Well three years is over. In a mountain of debt, have no money and a degree I wished I did better in. Maybe I should have gone straight into the industry? Probably have more connections and experience, as well as probably having a few bob. Hmm. I know this may sound ungrateful, like at least I passed right? But this has always been the case with me I’ve always come in at the standard/just about standard mark in every fucking academic exam/course that I take. GCSE’s=average, A levels=average and now it seems BA=average. Considering I CHOSE this course specifically because it appealed to my desires and tastes and it is what I want to follow as a career, I just wanted to get a good mark to show everyone that I do have a fucking idea. Also I wanted to prove people wrong about me, I am not a scrounger, I am not a waster, I am not a slacker! Fuck I just wanted to prove everyone wrong and I failed at it.
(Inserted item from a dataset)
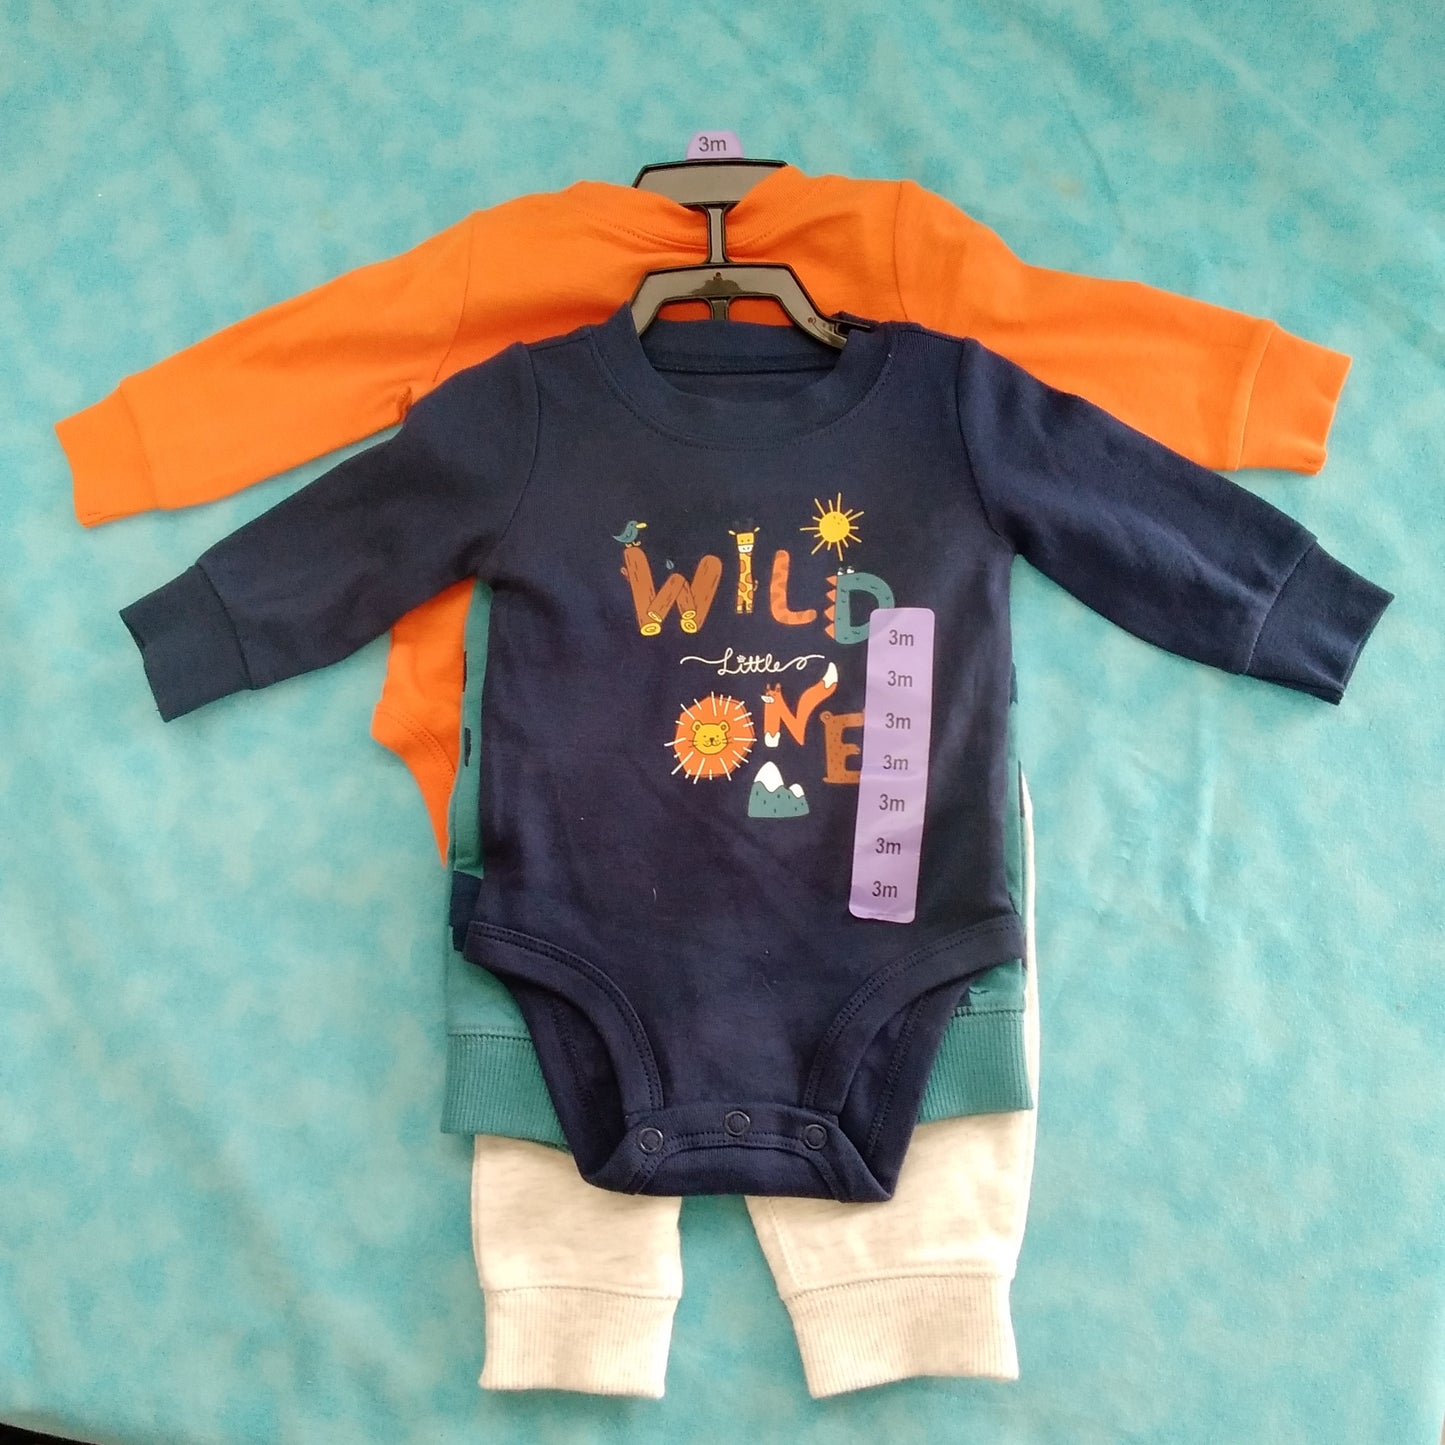 NWT - Carter's Infant 4 Piece Boy's Pants & Body Suit Jungle Set - Size: 3 months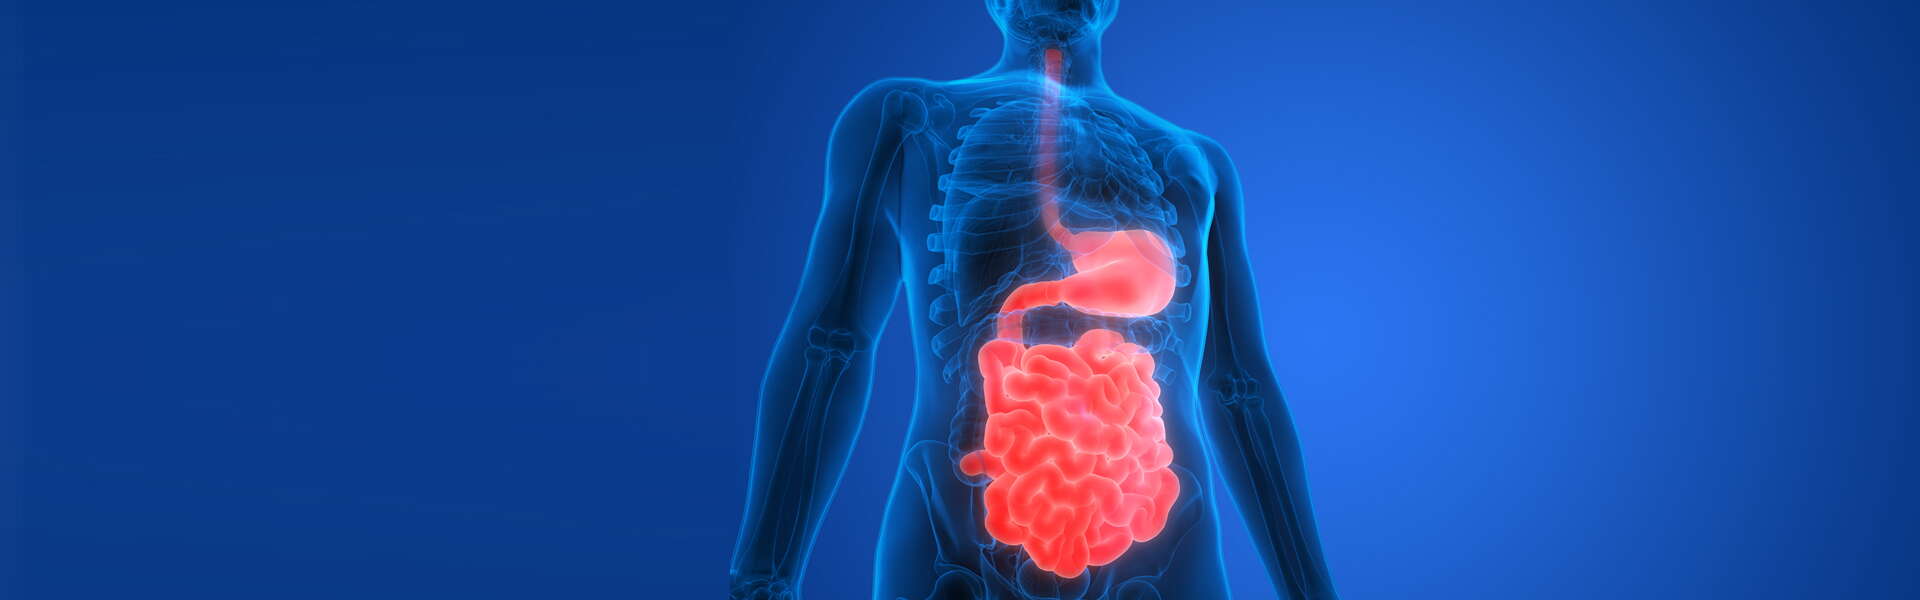 L'intestino e le sue connessioni con il sistema nervoso centrale (SNC)

You ever get the feeling that you were smart? And then you realize that one day that you’re not smart, just the majority of people are idiots and that you are in fact average.
Ah well. As you can tell I’m a little disappointed.
Tell you what doesn’t help the situation. The fact that I’m moving from my house back to my mum’s place. Freedom and parties are gooooonnnnnneeeee. And will be for the foreseeable future as everyone I know seems to be following suit. No one can afford a place to live thus no parties. Freedom replaced by boredom. Cardiff replaced by Dinas Powys, although thats not too bad. Just feels like I’m taking a step backwards.
Man I am going to miss this house. So much good shit has happened. Going to miss The Wardrobe, it was basically our fifth crazy autistic house member from another universe that we drew on. In fact a new video needs to be made about his adventures. VIDEO COMING SOON>Tomorrow hopefully ?
I suppose there is only one thing left to say….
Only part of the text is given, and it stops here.